Why the Raw Layer Should Be Your Analytics Contract

Most analytics setups start the same way. Someone drops an SDK into the game, picks a dashboard tool, and within an afternoon there are charts. DAU is going up and to the right. Everyone's happy.

Then, six months later, the questions get harder. "What did our day-1 retention look like for the cohort that came from the Tuesday update, before we changed the tutorial?" And the answer comes back: we can't tell, because the dashboard only kept the aggregate, and the event that mattered was never defined back then.

This is the moment teams discover the thing nobody warned them about: the dashboard was never the source of truth. The raw events were — and they're gone.

This article is about treating the raw event layer as a contract: the one stable thing your entire analytics stack agrees on. It matters whether you're a product manager trying to answer a question that didn't exist last quarter, or an engineer who has to keep the pipeline from collapsing under its own weight.

What "raw layer" actually means

A raw event is the unmodified record of something that happened, captured as close to the source as possible, with no aggregation, no roll-up, and no interpretation baked in.

In a game, a raw event might be:

{
  "event": "level_completed",
  "player_id": "a3f9...",
  "level_id": 14,
  "attempts": 3,
  "duration_ms": 84210,
  "coins_spent": 120,
  "device": "iPhone13,2",
  "app_version": "2.4.1",
  "timestamp": "2026-05-20T14:03:22Z"
}

That's it. One line, one thing that happened. The raw layer is the durable, append-only store of millions of these, exactly as they arrived, kept around indefinitely.

What it is not: it's not "level 14 completion rate = 62%." That number is a derivative — something you compute later, from the raw layer, when you need it. The completion rate is an opinion. The raw events are the facts.

The distinction sounds academic until you realize where most analytics products draw the line. Hosted product analytics platforms — Amplitude, Firebase Analytics, and the rest — are built around the derivatives. They ingest your events, compute the metrics they think you'll want, and hand you a polished interface on top. The raw layer either lives behind an export feature you don't fully control, or it's aggregated away to keep their storage costs down.

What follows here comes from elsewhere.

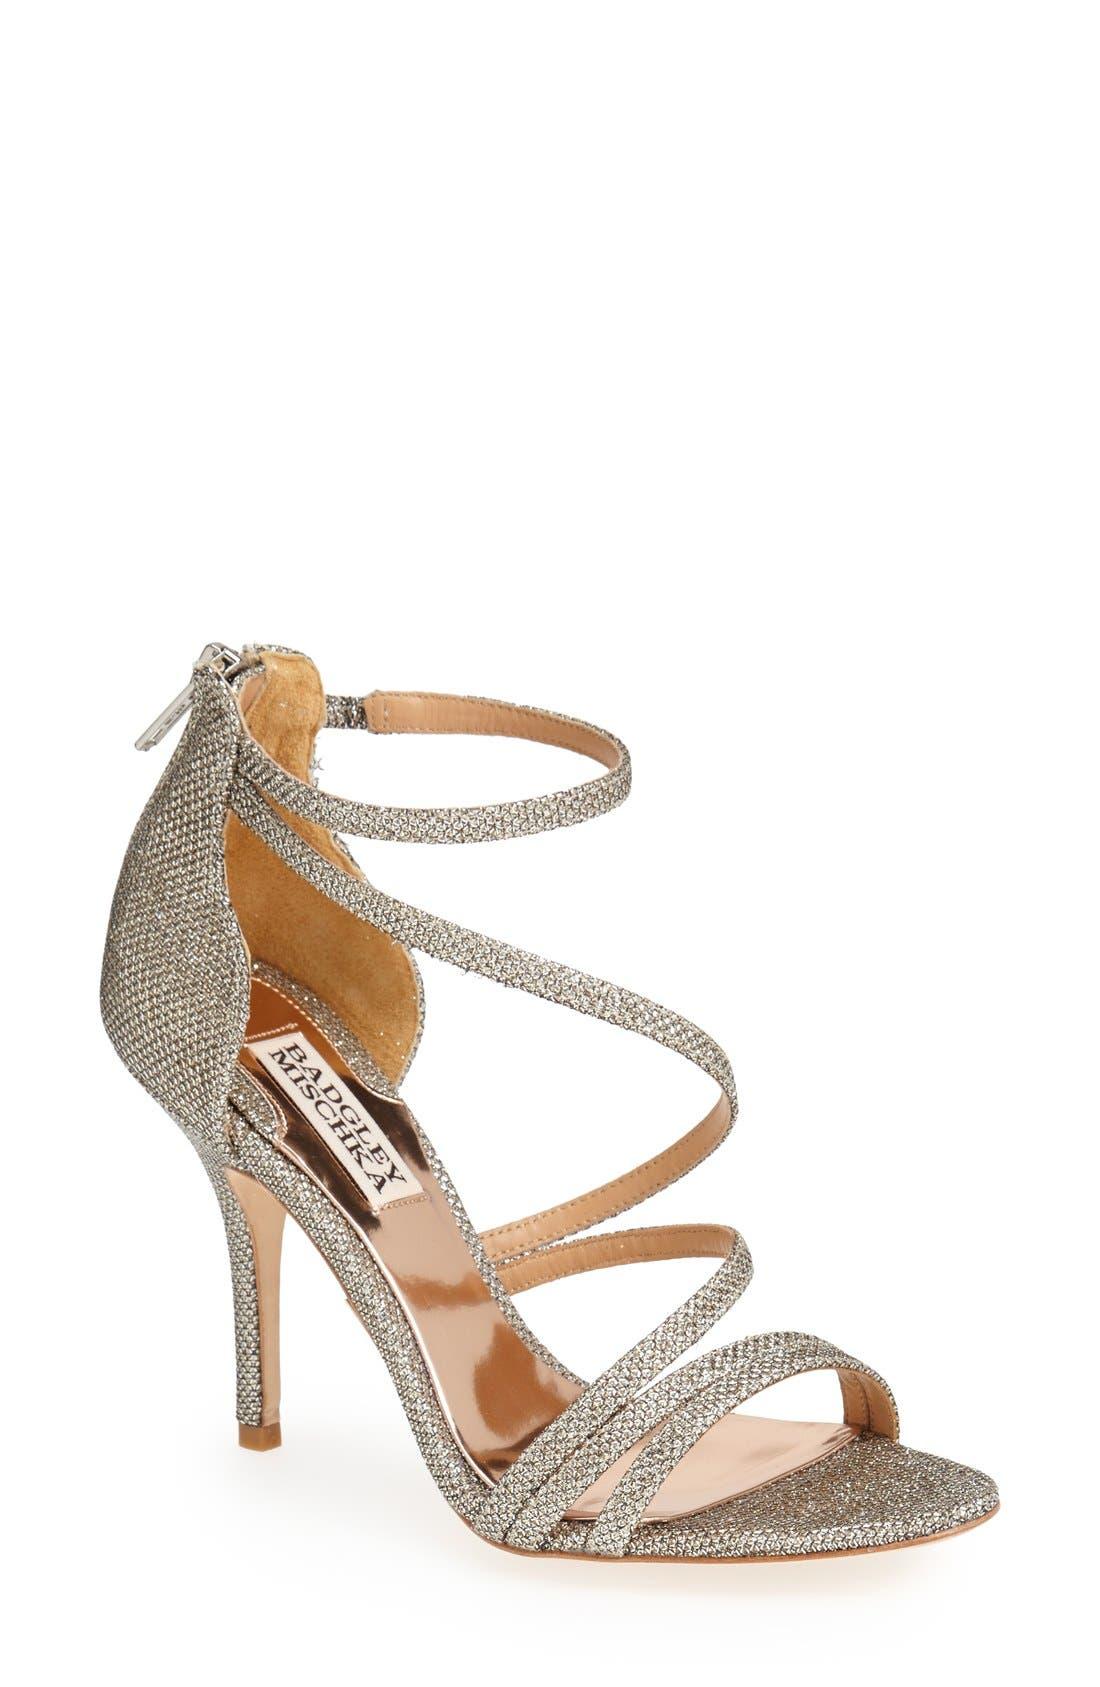 Main Image - Badgley Mischka 'Landmark' Ankle Strap Sandal (Women)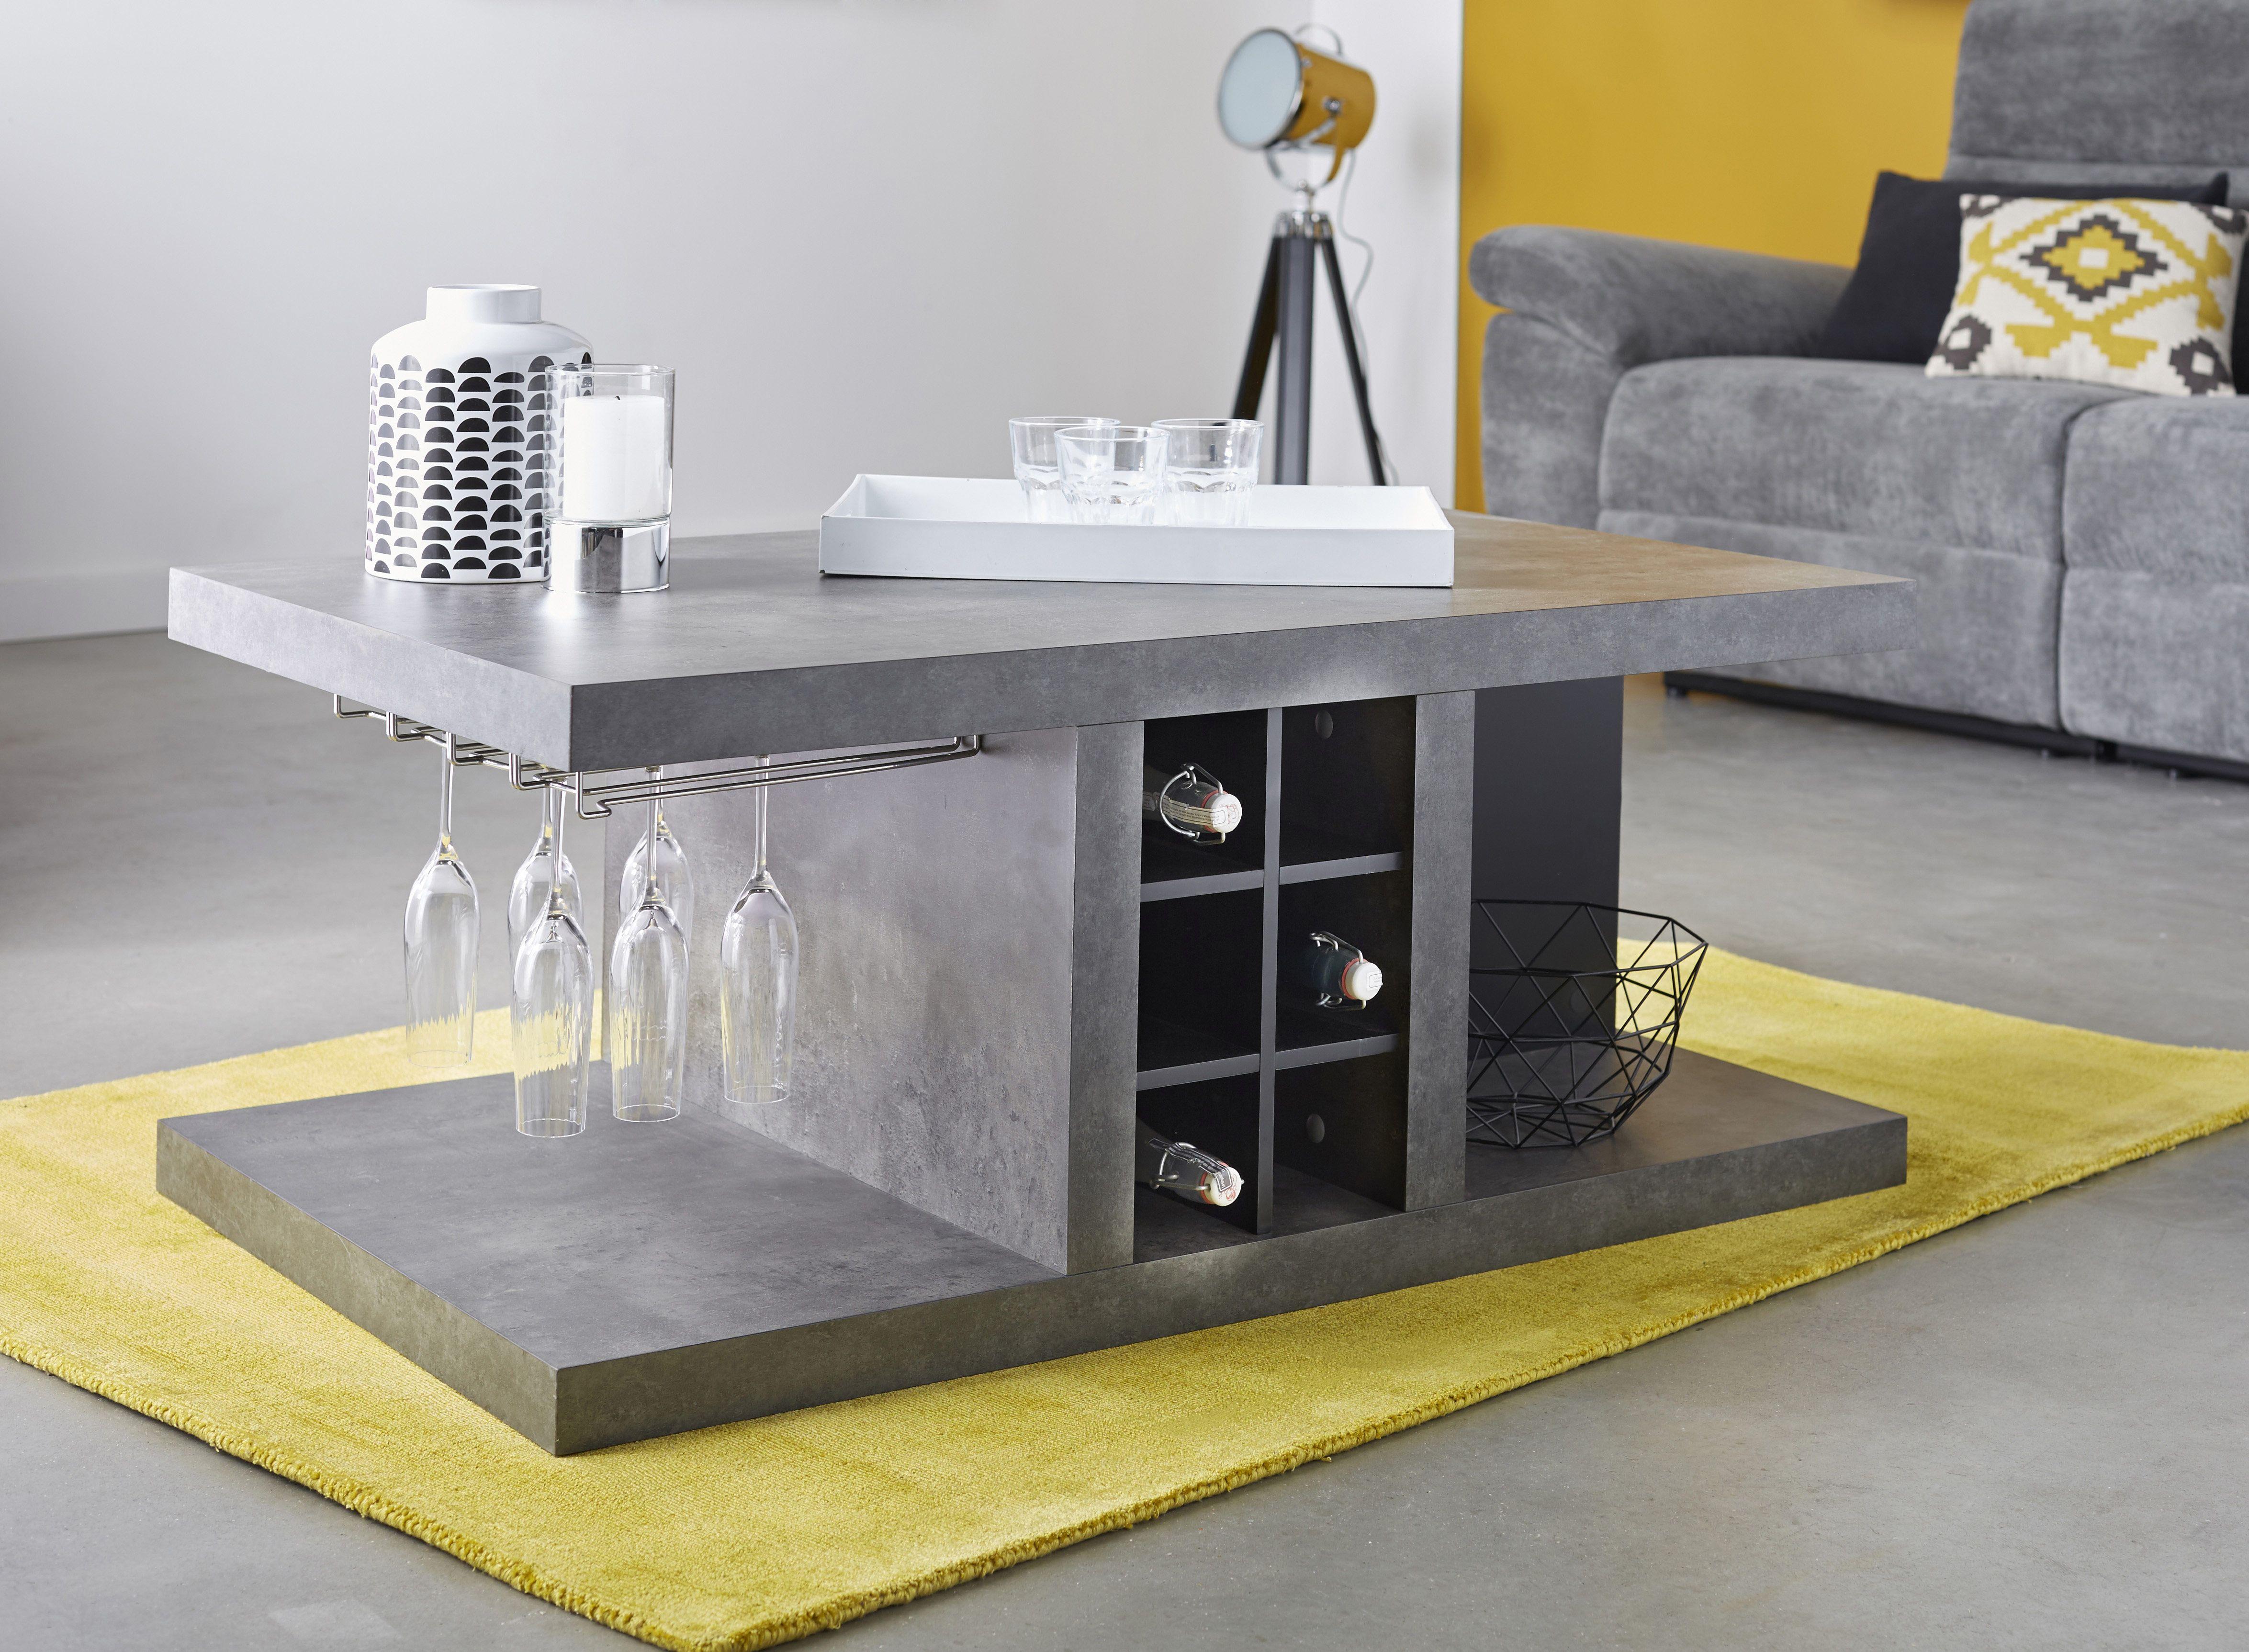 Hilo Table Basse Bar Revetement Effet Beton Decoration

When the raw layer is somebody else's implementation detail, you've signed a contract you didn't read.

The contract idea, made concrete

In software, a contract is an agreement about an interface that both sides can rely on, even as the implementation behind it changes. APIs have contracts. Type systems enforce contracts. The whole point is that you can change everything on one side without breaking the other, as long as the contract holds.

Analytics needs the same idea, and the natural place to put the contract is the raw layer.

Here's the shape of it:

Upstream (your game client, your backend) agrees to emit events in a known schema. That's the producer's side of the contract.
The raw layer durably stores every event, unmodified, in an open format. That's the contract surface — the stable thing.
Downstream (dashboards, cohort analyses, ML features, finance reports) all read from the raw layer, computing whatever they need. That's the consumer's side.

The magic is in what this lets you change freely. Your dashboard tool can be swapped. Your metric definitions can be rewritten. A new question can be answered by reprocessing history — because the history is still there, in its original form. None of that touches the contract.

Compare that to the common setup where the analytics vendor is the contract. Change vendors and you start from zero: no history, new event semantics, a migration project nobody scoped. The contract was never yours to hold.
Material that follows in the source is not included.